A verbatim reproduction of the following listing is required; omit the pictures.

## Data shown
BEGIN

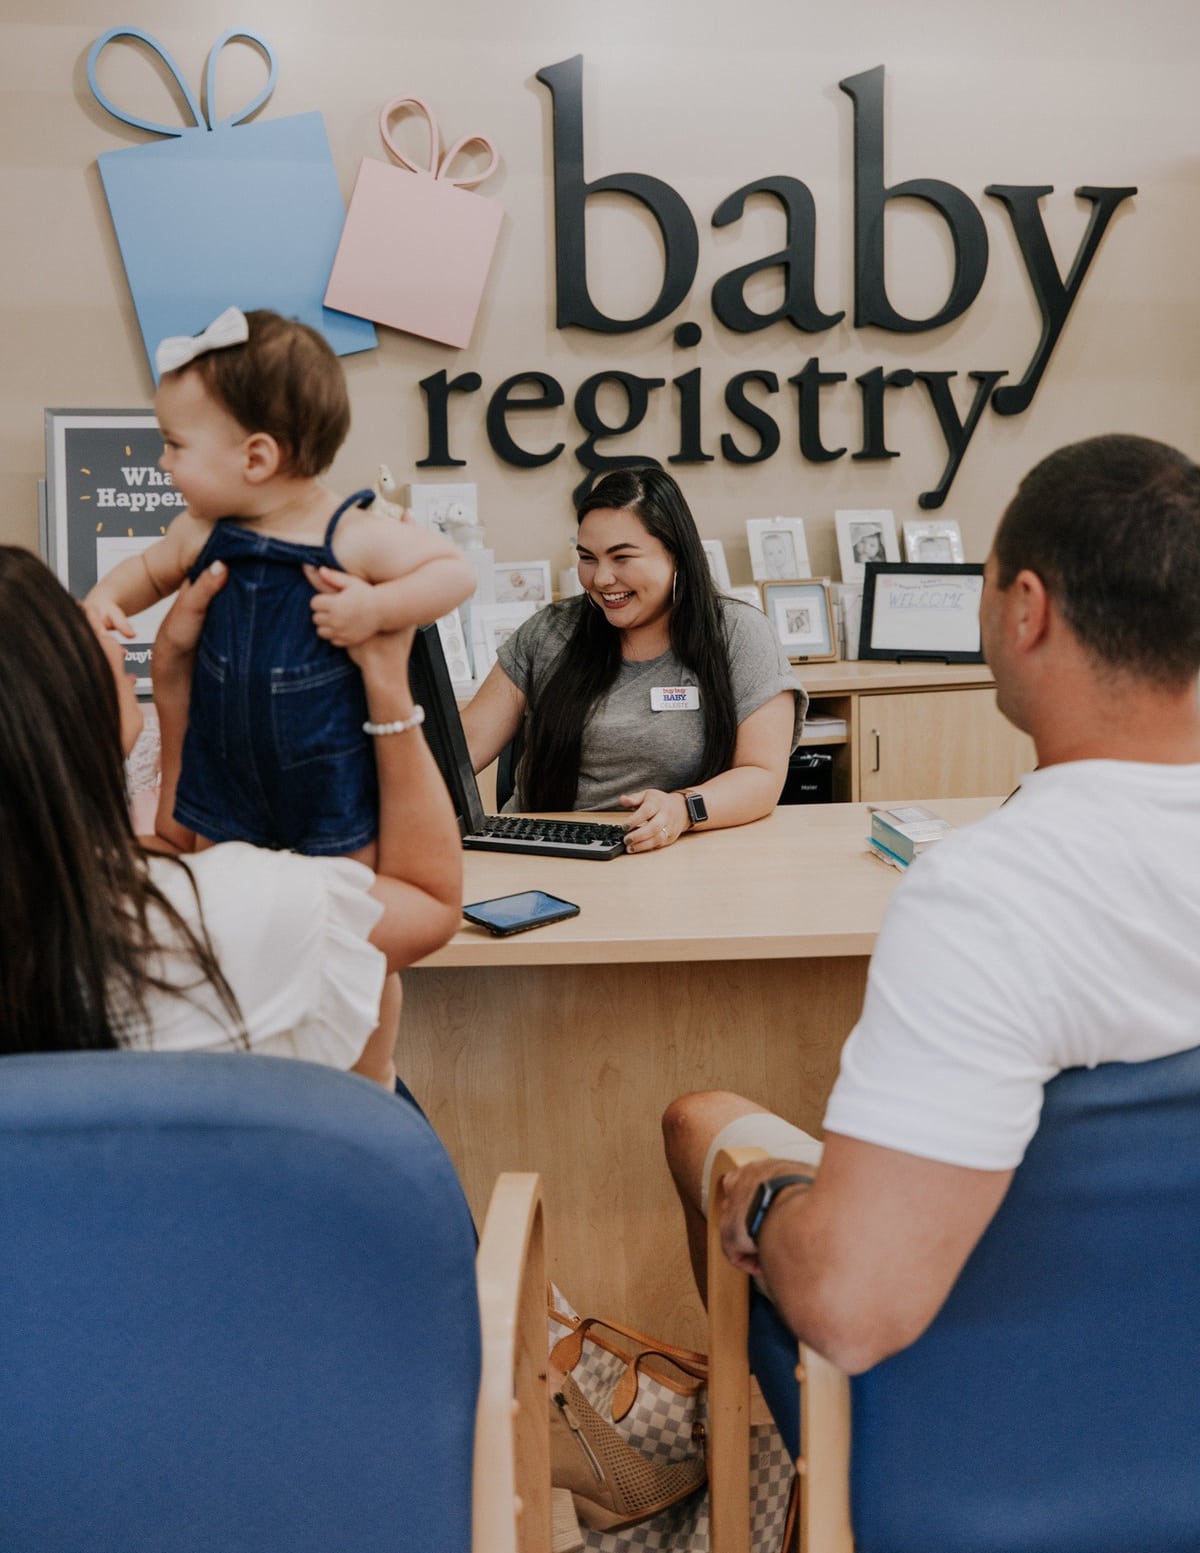 buybuy baby registry
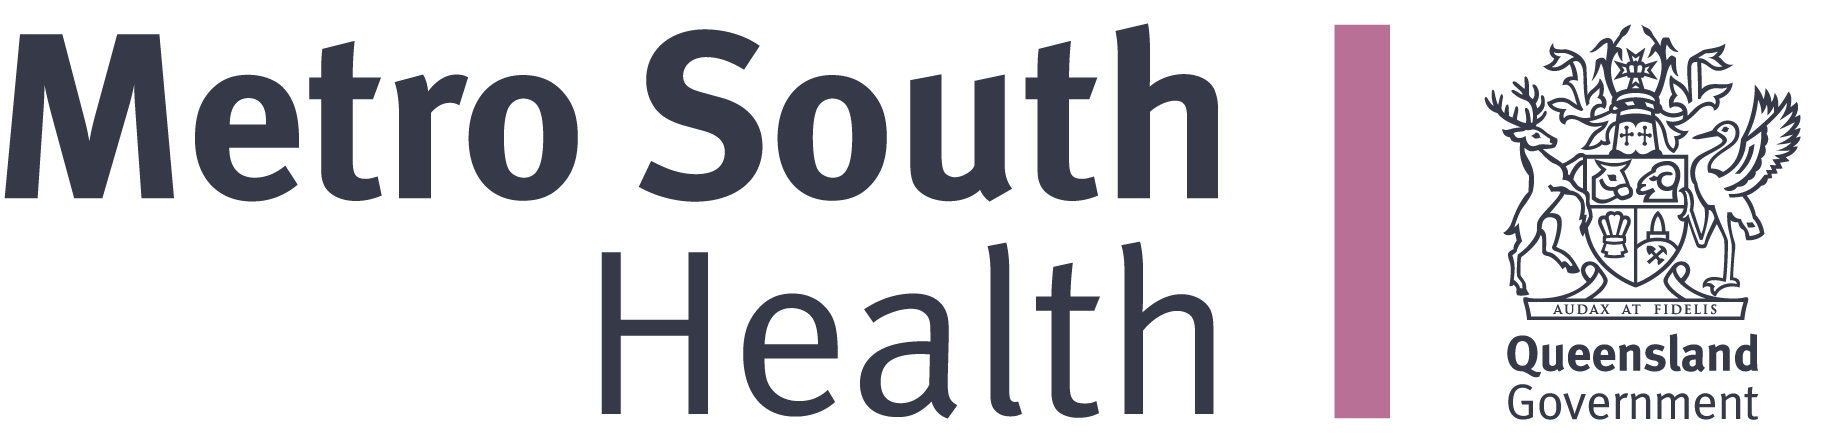 Metro South Health logo
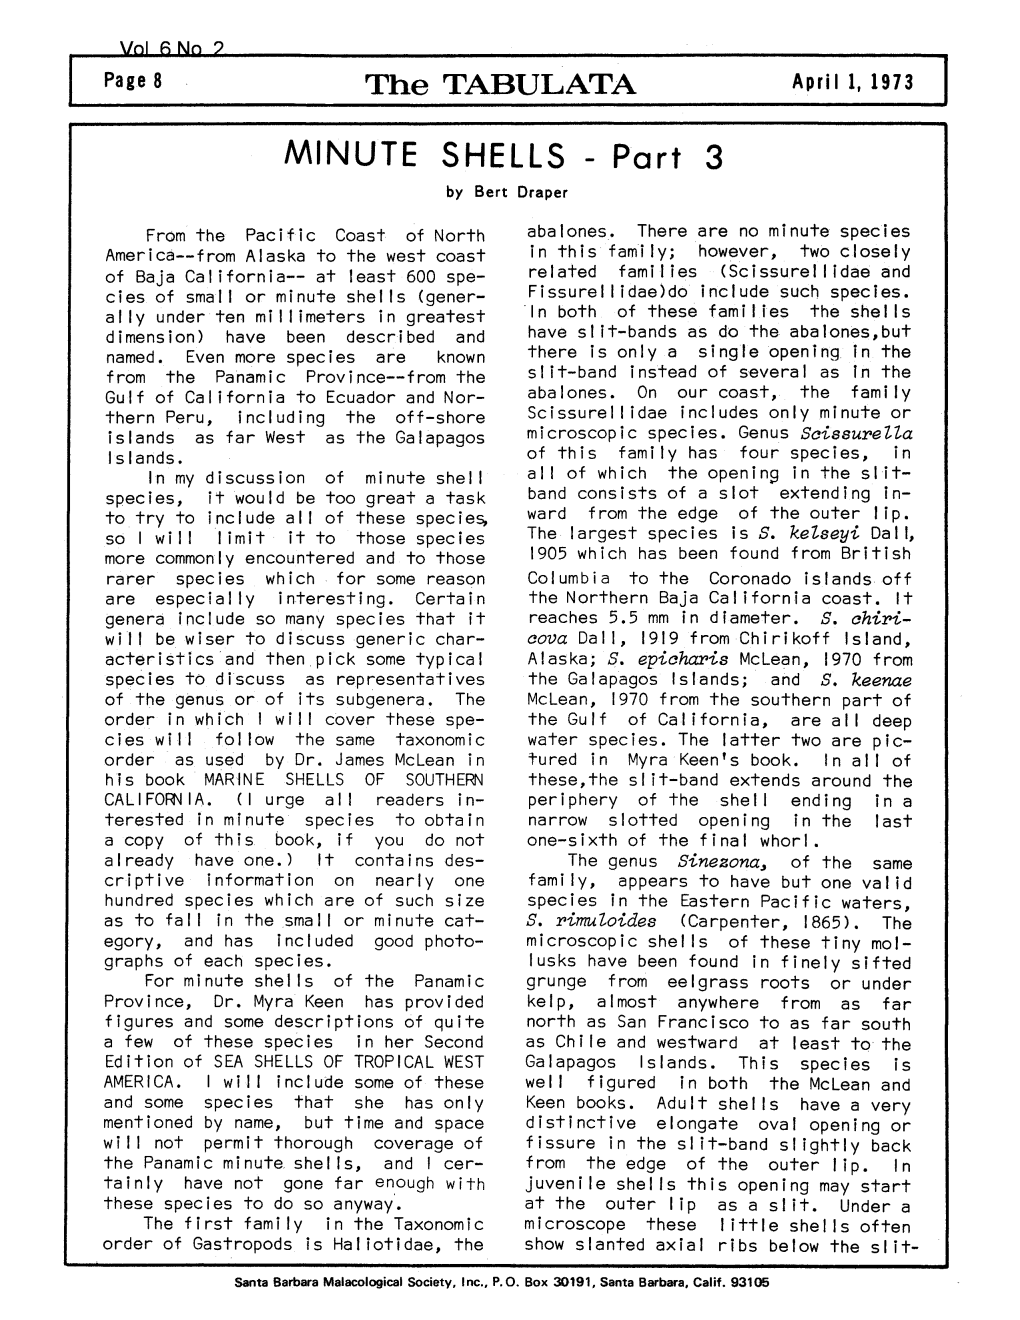 MINUTE SHELLS - Part 3 by Bert Draper
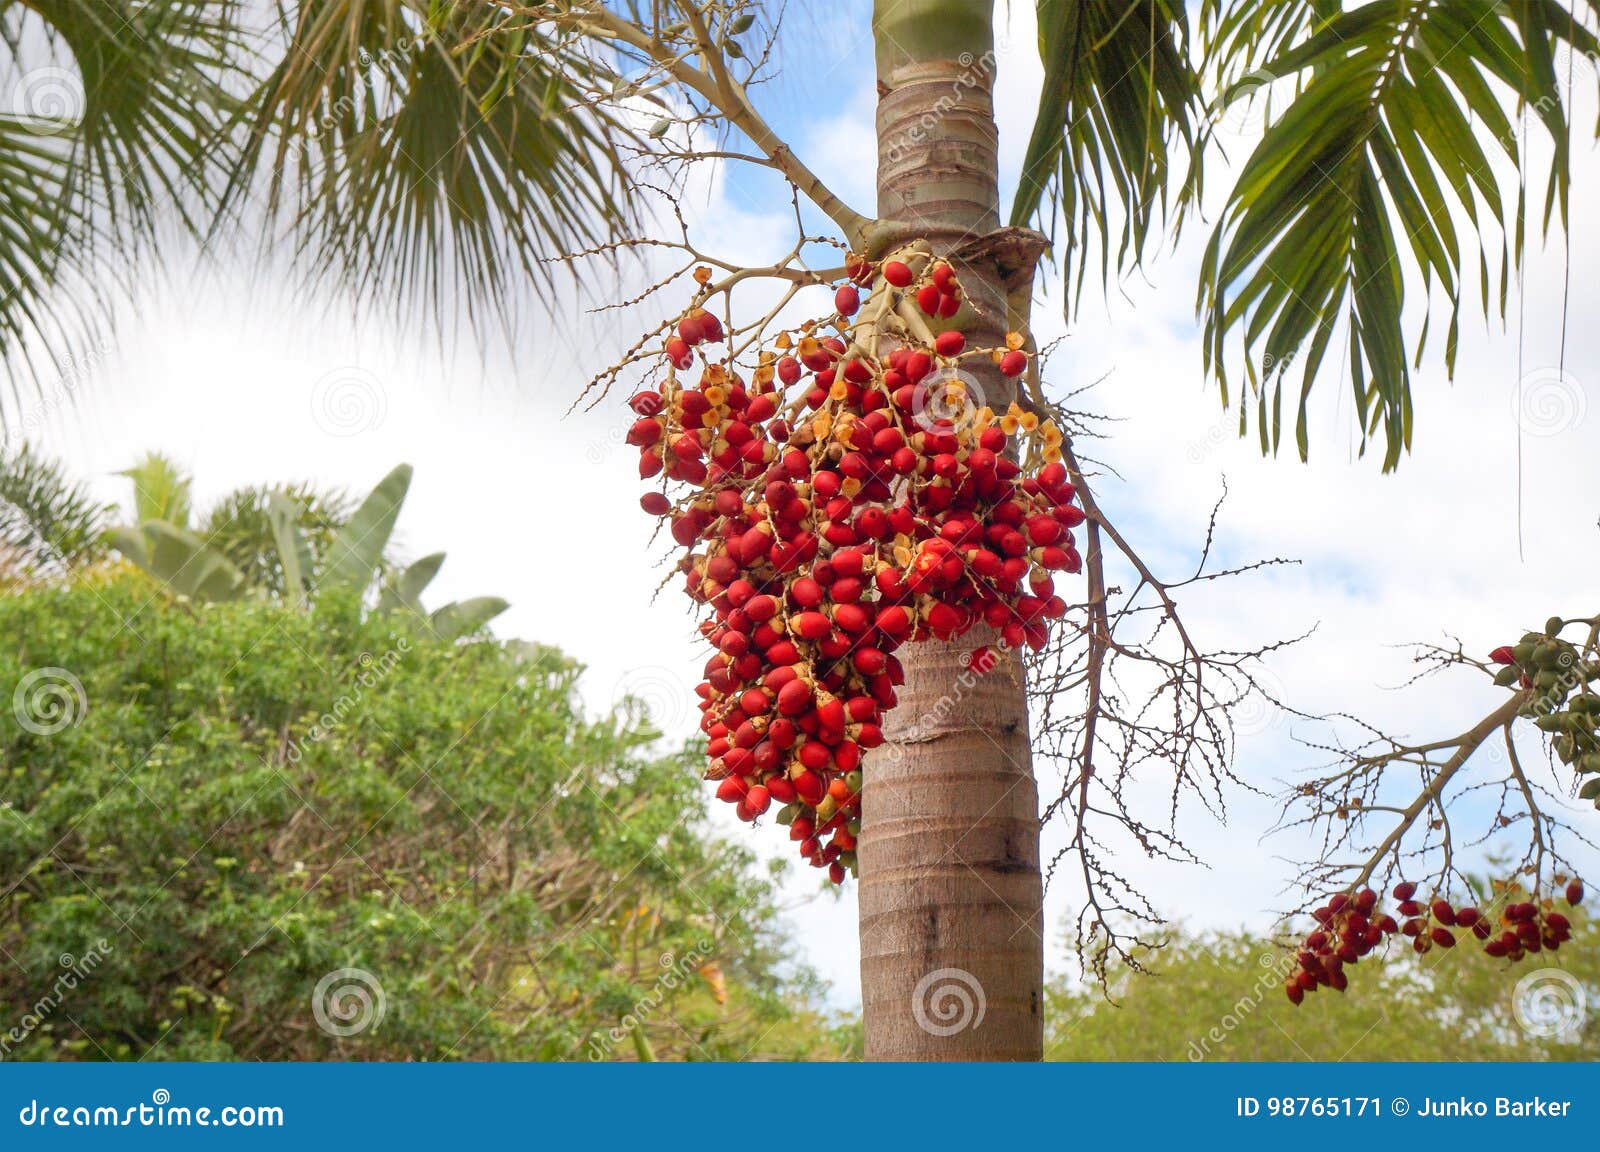 Manila palm trees edible fruit

END

## Response to this exercise
 buybuy baby registry
 Metro South Health logo
 MINUTE SHELLS - Part 3 by Bert Draper
 Manila palm trees edible fruit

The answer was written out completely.